Apprenez à endormir votre mental agité avec des exercices concrets.

TSThierry Sudan
24 avril 202612 min de lecture

Vous êtes allongé dans votre lit. Le réveil affiche 2h43. Demain, vous devez être opérationnel·le à 8h. Votre mental, lui, a décidé de passer en revue la conversation tendue de la soirée, la liste des courses de demain, et cette idée de projet qui vous trotte dans la tête depuis trois jours. Plus vous voulez dormir, moins vous y arrivez. Vous avez tout essayé : la tisane, les écrans éteints, le comptage de moutons. Rien n’y fait. Et si le problème n’était pas votre corps, mais la manière dont votre esprit s’accroche à l’éveil ?

Je vois ce scénario presque chaque semaine dans mon cabinet à Saintes. Des adultes compétents, équilibrés, qui vivent leur insomnie comme une trahison de leur propre corps. On m’a dit un jour : « Le sommeil, c’est comme attraper un oiseau : si tu cours après, il s’envole. Si tu t’assois tranquille, il vient parfois se poser sur ton épaule. » L’autohypnose, c’est exactement ça : arrêter de courir après le sommeil pour lui laisser une place.

Dans cet article, je vais vous partager des exercices concrets d’autohypnose pour calmer ce mental qui s’emballe. Pas de promesses magiques : l’autohypnose ne force pas le sommeil, elle crée les conditions pour qu’il vienne. Et c’est déjà énorme.

Pourquoi votre mental s’emballe-t-il quand vous vous allongez ? Le piège de l’hypervigilance nocturne

Commençons par comprendre ce qui se passe dans votre cerveau à 2h du matin.
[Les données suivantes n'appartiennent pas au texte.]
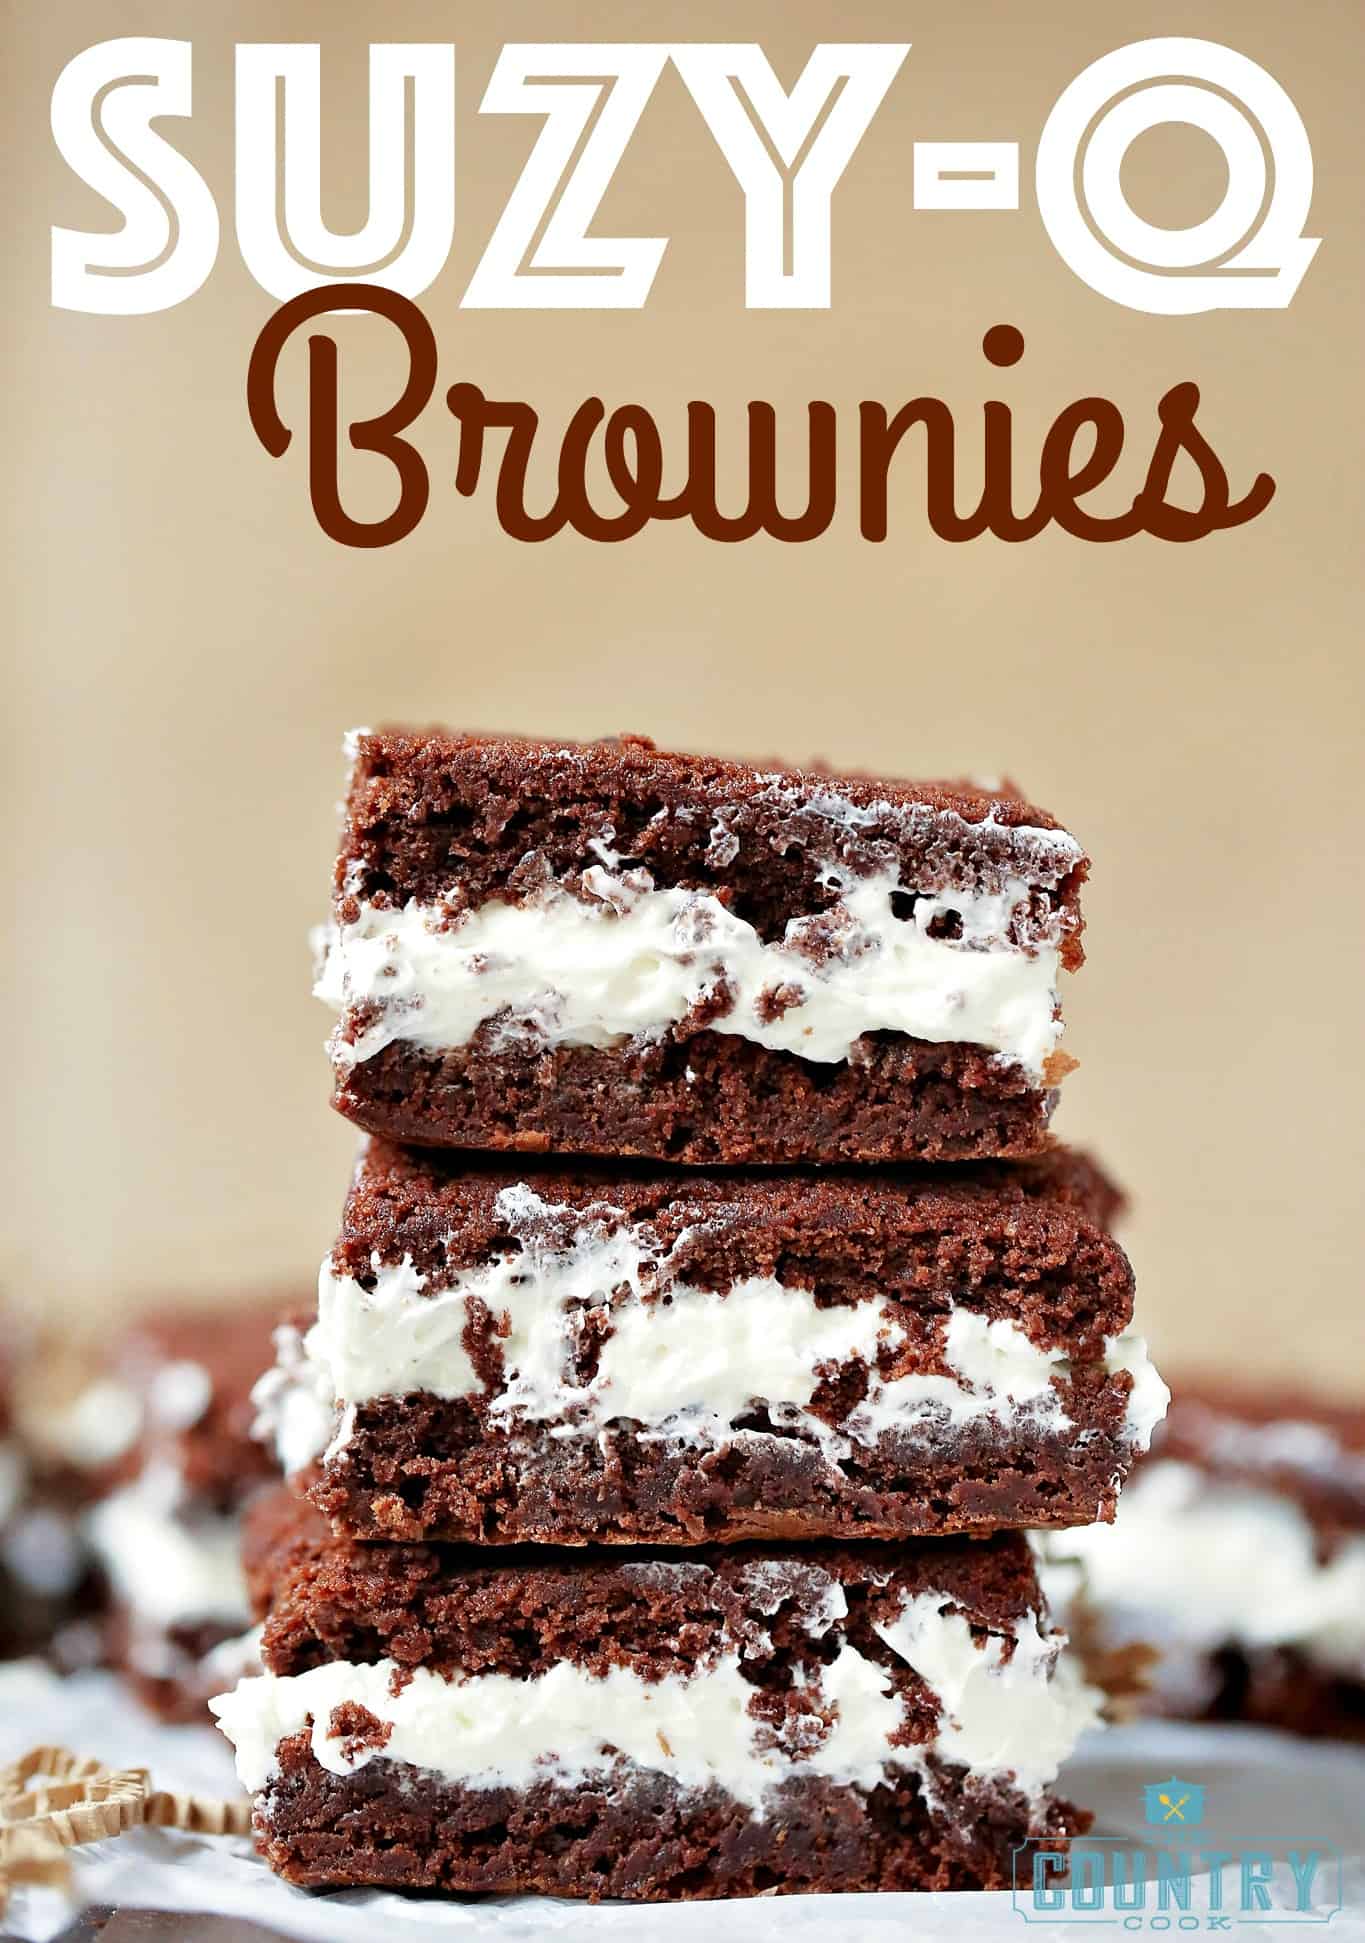 three slices of Suzy-Q Brownies shown stacked on top of each other.

Vous n’êtes pas « fou » ou « faible ». Vous êtes en état d’hypervigilance. C’est un mécanisme de survie ancestral : quand votre système nerveux perçoit une menace (même une menace abstraite comme un dossier à rendre ou un conflit relationnel), il active le mode « alerte ». Le problème, c’est que le lit devient le lieu où vous n’avez plus rien à faire. Plus d’écrans, plus de distractions, plus de tâches. Votre mental, privé de ses occupations habituelles, se tourne vers la seule chose disponible : lui-même. Et il rumine.

Un patient, que j’appellerai Marc (45 ans, commercial), me disait : « Dès que ma tête touche l’oreiller, c’est comme si un projecteur s’allumait sur toutes mes inquiétudes. » C’est exactement ça. Le calme extérieur amplifie le bruit intérieur. Votre cerveau, ne trouvant pas de danger réel, en invente. Il revisite le passé (la phrase maladroite dite au collègue) ou anticipe le futur (la réunion de 10h). C’est ce qu’on appelle le « syndrome de la tête qui tourne ».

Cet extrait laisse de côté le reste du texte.